Chapter 3: The Big Show (Part 2 of 5)
Jamie stretched his sore muscles out, leaning back in the folding chair. His hands moved to the nape of his neck and brushed against his close-cropped hair. The shoulder-length locks were gone, and his nervous habit of tugging them into a ponytail was missed.
It was a new haircut for a new life. A life he never wanted. An afterlife.
Jamie felt like he had died. He was a spirit descended down into hell. And his private circle of torment happened to look like a gray shit-box bunker, where the demons imprisoned little girls and stayed up all night waiting for them to turn into monstrosities.
The four principle Shayatin, the evil djinn, were upfront and center. Close as thieves Blass, Gracie, and Horus sat at the main console.
Jamie had liked Horus at first, but it soon became clear that he was one of the leaders of this travesty. He was one of the elite that controlled things down here and kept everyone else in the dark and in line. Yesterday, they had all been in some secret meeting together. Probably to discuss what horrors to inflict on that innocent child.
In the second row, just behind them, not moving, barely twitching, sat the great Iblis himself. The ruler of the underworld, the master of lies, Maxwell Wiley.
From Jamie's vantage in the back row, he could see them all. He could see them too well, but mercifully he could not see the girl in that pen. He had been forced to watch her last night, as she sobbed in that horrible cell. It didn't look anything like the cell that had broken him, but it was exactly the same.
After nine days in it — nine days to forget who he was — he was taken to a room with a table and two chairs. His guards handcuffed him to a bar on the table and left him alone. It was the first time since his arrest that he felt like he was in the twenty-first century and that he hadn't fallen through some time warp to the middle ages or some dystopian future. The chairs were upholstered, the walls were painted, and the door actually had a glass window in it. This could be a room meant for human beings.
He had no idea how long they let him sit there, by the time the man in the suit showed up, Jamie was sleeping.
For nine days, sirens, flashing lights, and loud music jarred every second of the day and night, when he wasn't being questioned. This new interrogation room with nothing but the silent hum of ventilation was pure bliss. But all good things come to an end.

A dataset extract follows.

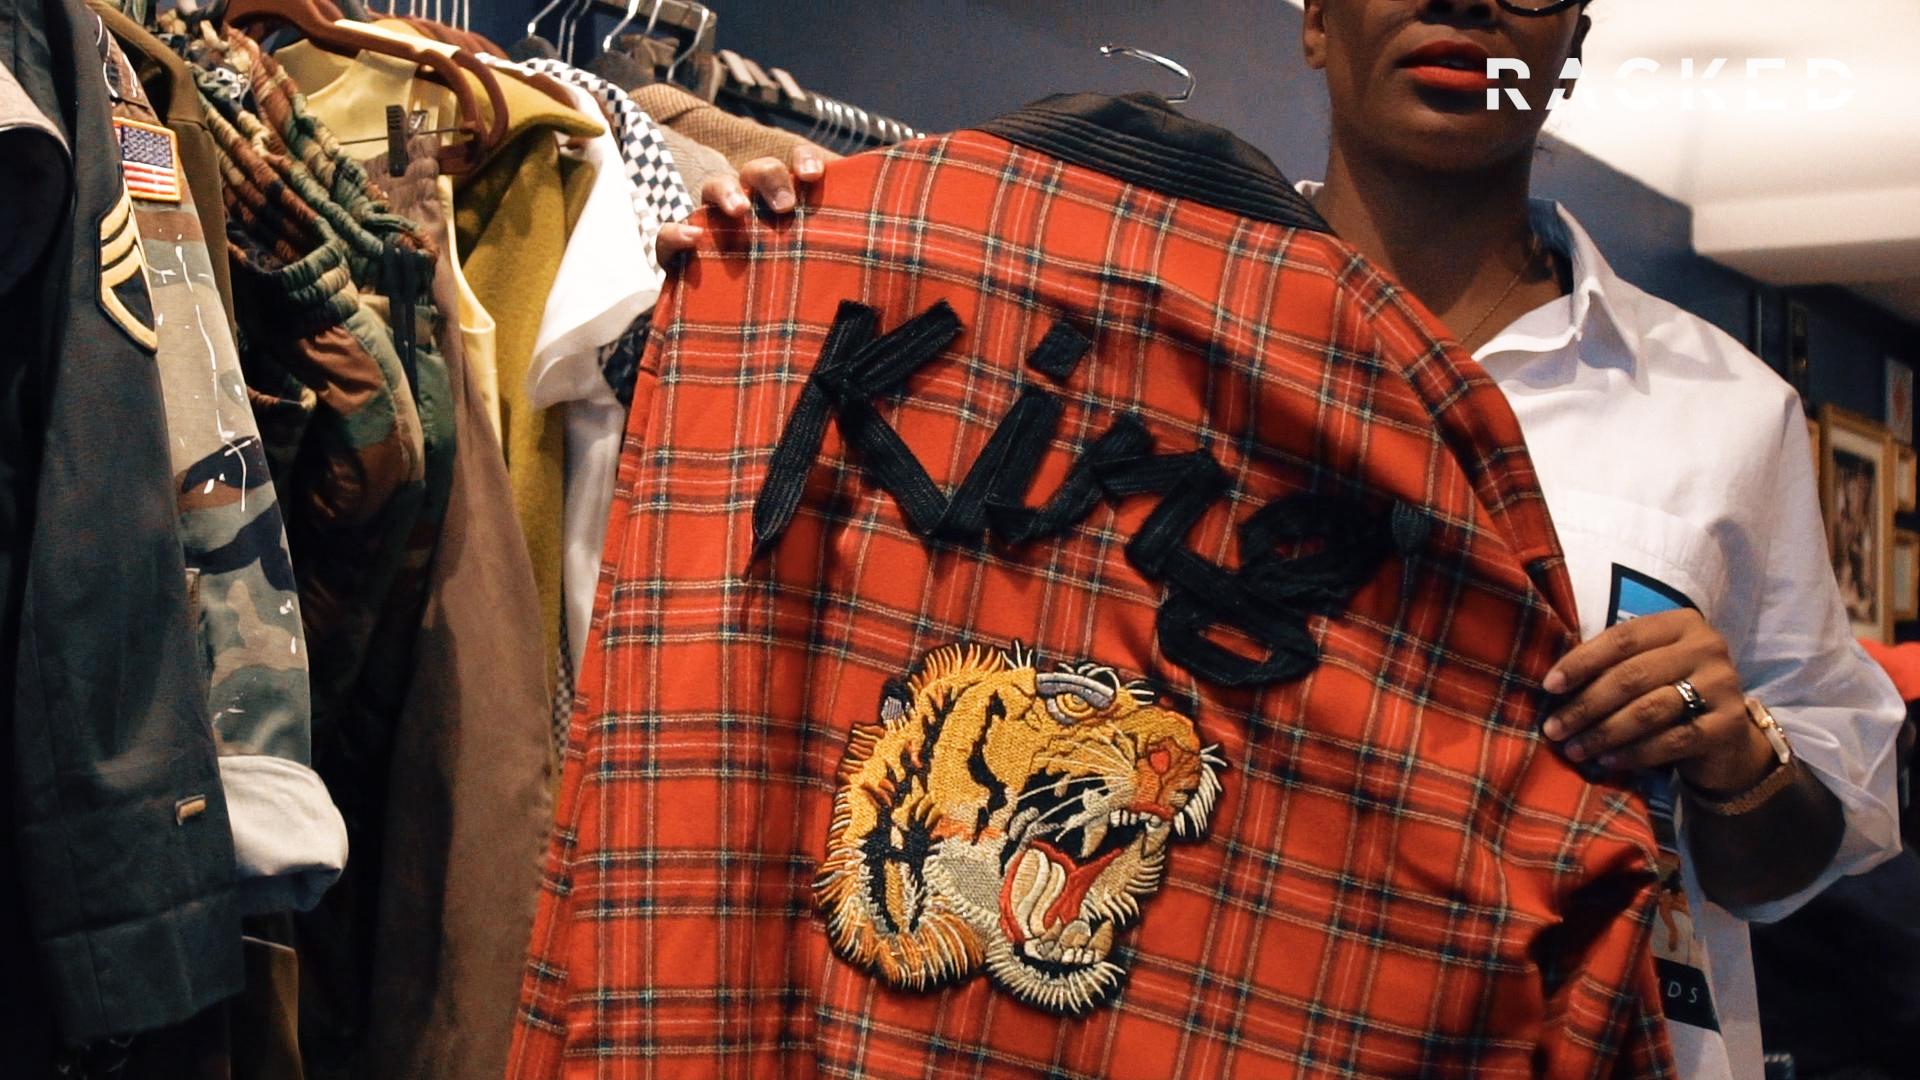 Close-up of a jacket at Harlem Haberdashery

The man cleared his throat and slammed the door, violently throwing Jamie into consciousness.
He hadn't seen this man before. He didn't look like CIA, or Military Intelligence, or whoever the hell had been keeping him prisoner. He looked like a pharmaceutical rep or a college administrator. Jamie was certain he wasn't either of these.
The man smiled at him pleasantly, flashing white teeth in not too broad a grin. It didn't look like he was trying to be friendly. It just seemed like he was happy with what he was doing. Even if all he was doing was taking out a pile of files from his briefcase.
"Jamal Haddad." He meshed his fingers together and placed his hands on top of the files, as he leaned forward. "I'm here to inform you your life is over."
Tell me something I don't know.
The man's smile didn't waver. Apparently, the end of Jamie's life was not a significant enough event to ruin his cheerful mood.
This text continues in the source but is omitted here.